Trzymaj mocno Aniu za mnie kciuki. Wiem, że dobrze wybrałam. Jeżeli masz ochotę wykorzystać coś z tego mojego wywodu, oczywiście możesz. Dziękuję Ci za wszystko.
Karo
Gratulacje dla autorki listu.
Super te obserwacje – niemal jak eksperyment naukowy i to zakończony sukcesem :-) no i dodatkowy bonus do tego posta – to ta przepiękna w swojej wymowie ilustracja. Tak Cię właśnie widzę. Zwycięsko podniesiona głowa.
Wow Karo chyle czola!Jestes gosciöwa!!!Gratulacje i duzo sil i motywacji!!!
Kurka ze ja takich silnych i motywujacych babek jak ty w swoim otoczeniu nie mam;ale by sie dzialo !
ps. A moze jakies kiedys spotkanko/nasiadowa ?!?Bylo by super tak sie zorganizowac i powymieniac tematami,porazkami ,sukcesami i zapalic i zmotywowac!?! Jak co pierwsza nasisdowa u mnie w Hamburgu
Wspaniale.
Ja po 3 miesiącach całkowitej abstynencji powrót i nawrót trwający juz 3 miesiące. Schudłam i znowu wszystko przytyłam. Nie umiem tego zatrzymać. Nawet jak jest ok i tak z tyłu głowy mam, że znowu będę się obzerac. U mnie jest w życiu tak źle i mam tak dużo stresu, że to niestety jedyna forma przyjnosci.
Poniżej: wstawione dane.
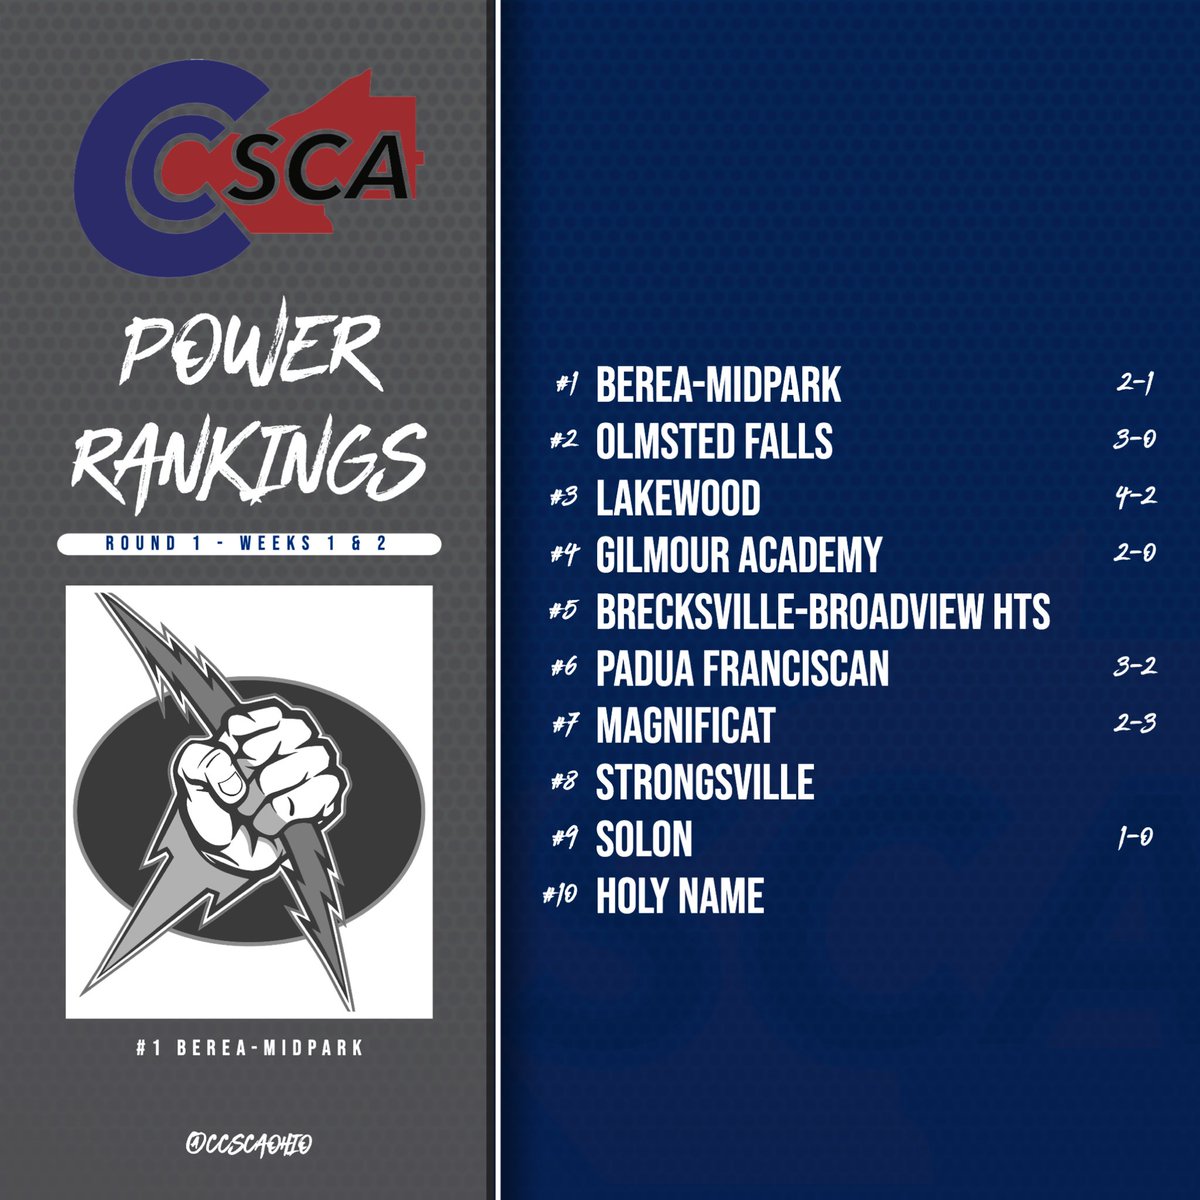 Round 1 (Weeks 1&2) Power Rankings are here! Congrats to Berea-Midpark on finding the top! 🏆 🗳️ Voted on by coaches 🏆 Winners announced every other Wednesday

To żałosne ale tak jest. Żarcie to jedyne co mi w życiu zostało. Nie mam bulimii – nigdy nie nauczyłam się wymiotowac co też mnie dolowalo. Od kilku lat, po prostu kompulsy :(
I nie jestem gruba. 174cm obecnie po przybyciu 7kg ważę 63kg. Ale nie jestem zgrabna tylko tzw skinny fat. Potraficie sobie wyobrazić co się dzieje z ciałem jeśli od 15 lat czyli przez połowę swojego życia się najpierw chudnie 6kg potem tyje 6kg i tak w kółko
Aktualnie znowu jestem w wadze jak miałam 15 lat. Całe moje życie to koszmar ED. A zaczęło się banalnie i niepozornie. Do tego olbrzymie problemy w życiu których sobie nie wyobrażacie…
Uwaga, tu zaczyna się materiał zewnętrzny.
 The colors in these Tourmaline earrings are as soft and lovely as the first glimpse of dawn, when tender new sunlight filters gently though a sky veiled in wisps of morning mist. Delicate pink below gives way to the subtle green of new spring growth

Przynajmniej udało się mi rzucić fajki i antydepresanty.
To chyba przez to rzuciłam się znowu na żarcie.
Stwierdzilam ze lepiej wypalić 4 fajki niż rzucić się na żarcie. Uspokajaly, odprężaly, bez bólu brzucha i uczucia ociężałości… Asentra trzymała mi emocje na poziomie i chemiczne uczucie szczęście.
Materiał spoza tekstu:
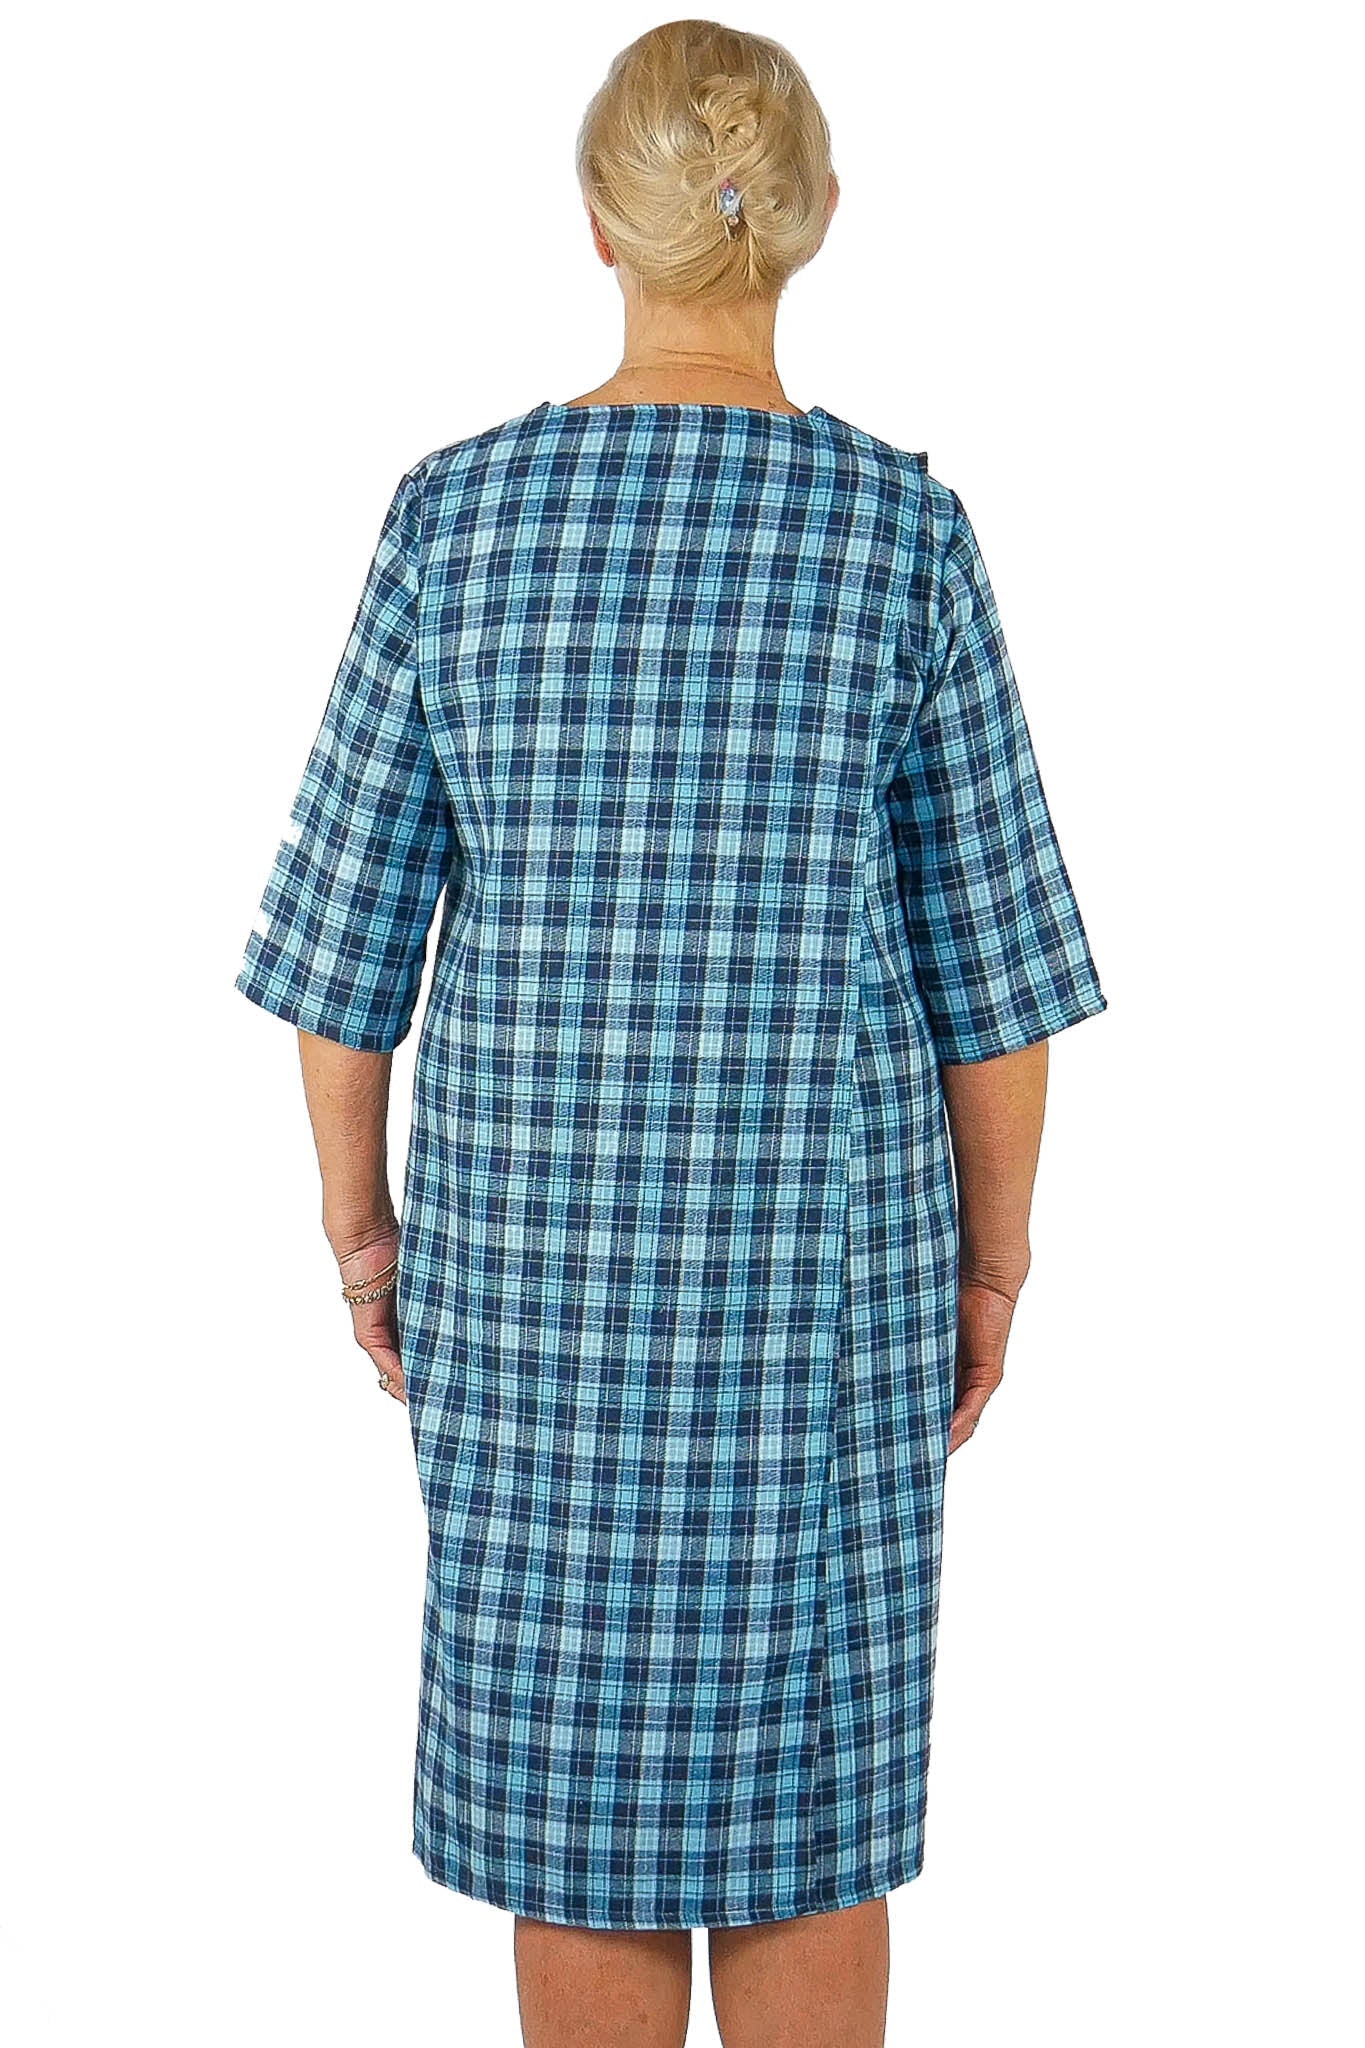 Cotton Nightgowns for Elderly | Art in Aging

I złudne poczucie ze teraz dam radę. I to chyba było zwolnienie mechanizmów obronnych dla wilka. Cóż. Został jeden nałóg jeszcze. Choć teraz ciągnie mnie do alkoholu ale sobie tłumacze ze to moje chore skłonności do nałogow i nie mogę sobie kolejnej biedy narobić.
Jestem teraz w dołku swojej fali, czekam na dno żeby sie odbić.
Z zewnątrz ludzie myślą piękna, mądra, szczupła, zgrabna, wykształcona, ambitna, uśmiechnięta, sympatyczna.
Gdyby wiedzieli jakie sekrety mnie przytłaczają, co musze nosić sama na barkach, jak bardzo nienawidzę tego życia, jak bardzo chce uciec, jak mnie życie dotknęło i nie chodzi mi o ed bo to mój najmniekszy problem.
Ha
Miały być gratulacje ale wylalam trochę żółci. Przepraszam, nie chce mi się nawet tego czytać i kasować.
Wiecie co. To jest strasznie upokarzajace ze nie radzę sobie z żarciem czyli fizjologia. Przez to właśnie mam niskie poczucie własnej wartości które zażeram i koło się zamyka. Żarcie, kompulsy -> niskie poczucie własnej wartości -> żarcie, kompulsy -> niskie poczucie własnej wartości.
Wow. Właśnie odkryłam źródło swojego niskiego poczucia własnej wartości do którego psycholog dotrzeć nie umiał…
Jestem w szoku.
Gdy trzymam wilka za pysk to czy jestem 6kg cięższa czy lżejsza czuje się jak na haju. Szczęście, pewność siebie, poczucie że mogę wszystko.
Może czas pójść w nowy nałóg…
Pięknie się czytało Twój komentarz. Jak napisałaś, wylałaś trochę żółci, może nawet w tym wywodzie dosięgnęłaś dna, które umożliwiło Ci dostrzeżenie odpowiedzi. Ja bym się też jarała tym, że jestem bez wilka. Nawet jeśli wpadniesz w tarapaty nawrotowe, nikt nie mówi, że od razu masz być czysta do końca. 3 miesiące bez to sukces ogromny. 3 miesiące obżarstwa nie są najlepsze, ale dokonałaś już zmiany. Postanowiłaś i wykonałaś jakąś część planu. Poczekaj aż się totalnie na siebie wku….wisz za to obżeranie i znowu zacznij być dla siebie dobra. Tak naprawdę my z góry zakładamy że będzie tak lub siak. a co jeśli tym razem będziesz jadła to co zdrowe, pożywne i smaczne 4 m-ce? Żyłaś tak 90 dni. To mnóstwo czasu. Bardzo Ci tego gratuluję!!! Forbes powiedział: Zbyt wielu ludzi przecenia to, kim nie jest i nie docenia tego, kim jest.
Dokładnie rozumiem co masz na myśli… Jesteś w tym sama, nawet nie ma się komu wyżalić, bo wiesz ze w 100% spotka Cię niezrozumienie…
Ale… na każde zło jest ratunek. Jeżeli masz figurę skinny fat, to może pomogą ciężary?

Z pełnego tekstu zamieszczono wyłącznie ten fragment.